The Conventional Wisdom isn't always very wise.
To win in the NBA, you need to have a rotation of at least eight quality players, and (at least during the regular season) more like ten. If your key reserves are guys who should have retired two years ago, or kids who should still be in college or the NBDL, then you're in trouble, no matter how much star power you have up front. Denver learned this lesson the hard way the past two seasons - they traded for Allen Iverson to pair with Carmelo Anthony, but did not have a strong enough supporting cast to win, even with those two stars.
The Cavs (particularly GM Danny Ferry) recognize this. That is why they have built a team that is top-to-bottom strong. Look at the team that the Cavs will field in 2010:
Never mind that the Cavs should have a good chance at getting "veteran discount" type deals with Zydrunas Ilgauskas and Ben Wallace. Neither of them is quite what they were a few years ago, but both are still very effective contributors when limited to 20-25 minutes per night.
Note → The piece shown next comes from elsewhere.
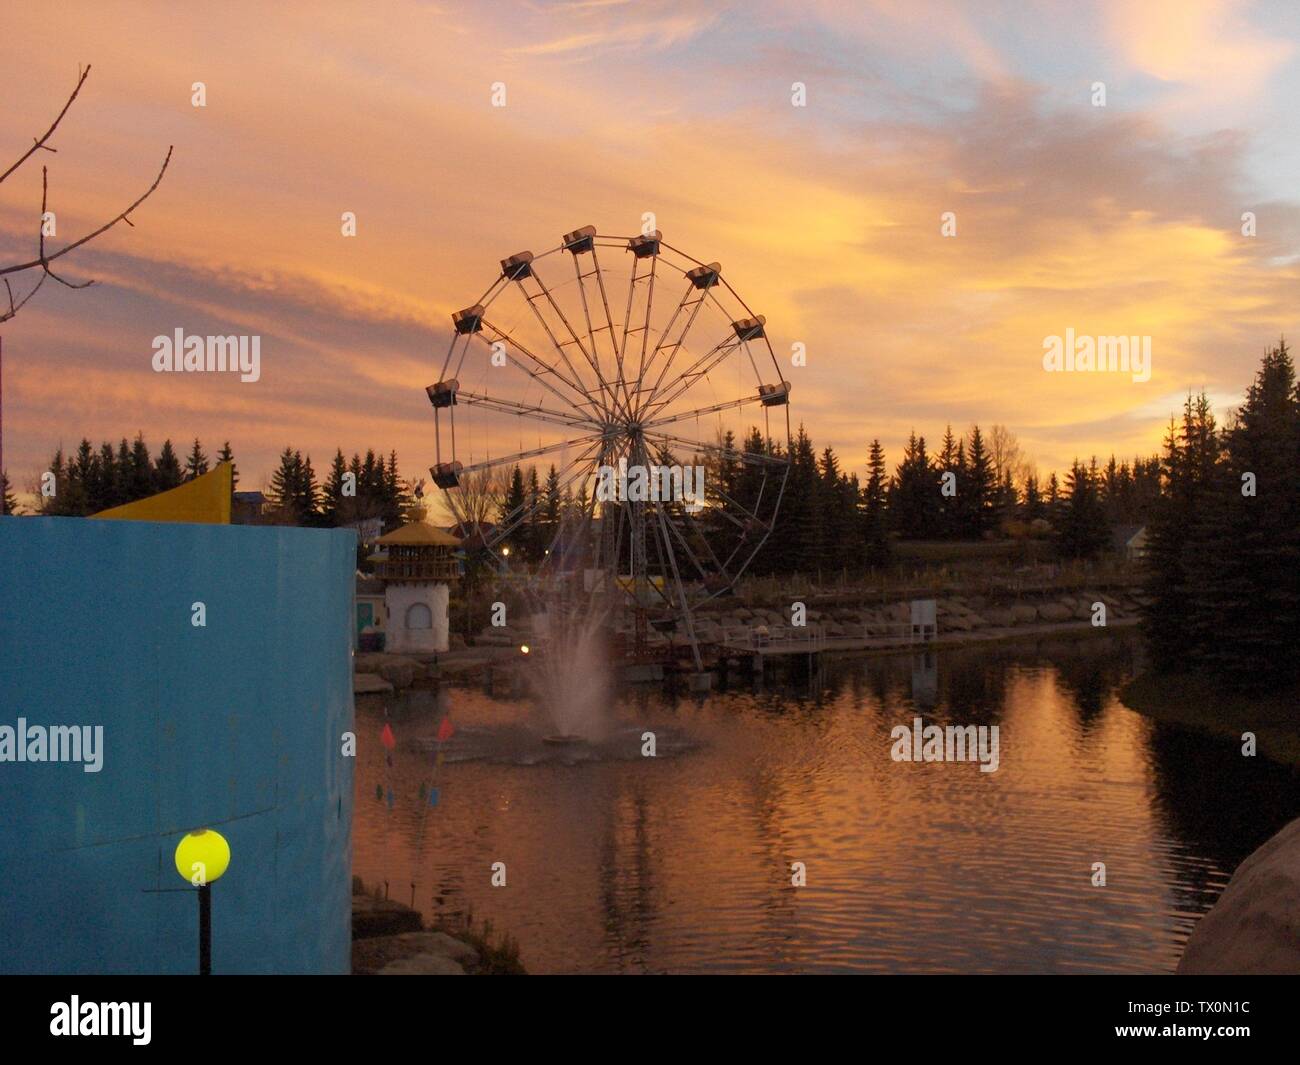 Calaway Park (Calgary, Canada) - Big Eli (Calaway's name for their Ferris Wheel) in front of a sunset. Also shown are the Twiz and Twirl Maze (left) and Mulliganâ€™s Island Mini Golf (imte left of Big Eli).; 9 October 2006; Picture shot by employee (ride operator) of Calaway; Jonathan Verge; Stock Photo

Based on current team members alone, the Cavs will be able to field a much more competitive team in 2010 than will the Knicks. And we haven't even gotten to the Cavs' ace in the hole yet. Much of the NBA (including the Knicks) is trying to jettison players with longer contracts in order to make a run at LeBron (or Wade, or Bosh, or whoever) in 2010. That strategy plays right into the hands of a team like the Cavs, a team that is poised to win now, and that can perhaps pick up a veteran star for fifty cents on the dollar in this season or next. What if the Cavs can bring a Vince Carter (not advocating it; just trying to put a name on this idea) into the fold, as a desperate Nets team tries to rebuild itself? What if the Clippers, headed for their 250 millionth losing season dating back to the Paleozoic Era, decides that a thirtysomething Marcus Camby is not in their long-term plans?
If there has been one consistent theme in LeBron's comments about where he wants to play in 2010, it is that he wants to play for a true championship contender. He wants rings. (Plural.) To get where he wants to go career-wise, he needs to win multiple titles. The question LeBron will need to ask himself is whether a team of Williams/West/Varejao/Gibson/Hickson/potentially an additional star represents a better supporting cast than Robinson/Lee/Gallinari/Chandler. The related question is whether the defense-first philosophy of Cavs coach Mike Brown is more likely to yield titles than the "seven seconds or less", defense-optional approach of Knicks coach Mike D'Antoni. (Hint: It is, by several magnitudes.)
If the Knicks want to put themselves in a position where their weaknesses are ever more apparent, we as Cavs fans should be grateful. LeBron already played wet nurse for a low-talent cast in his first couple of seasons (say, what are Darius Miles and Milt Palacio doing these days?). As he enters the prime of his career, the last thing he is going to want to do is relive those days. Maybe you believe that selling a few more jerseys will make up for that. I tend to think not. And everything James has said suggests that he tends to think not either.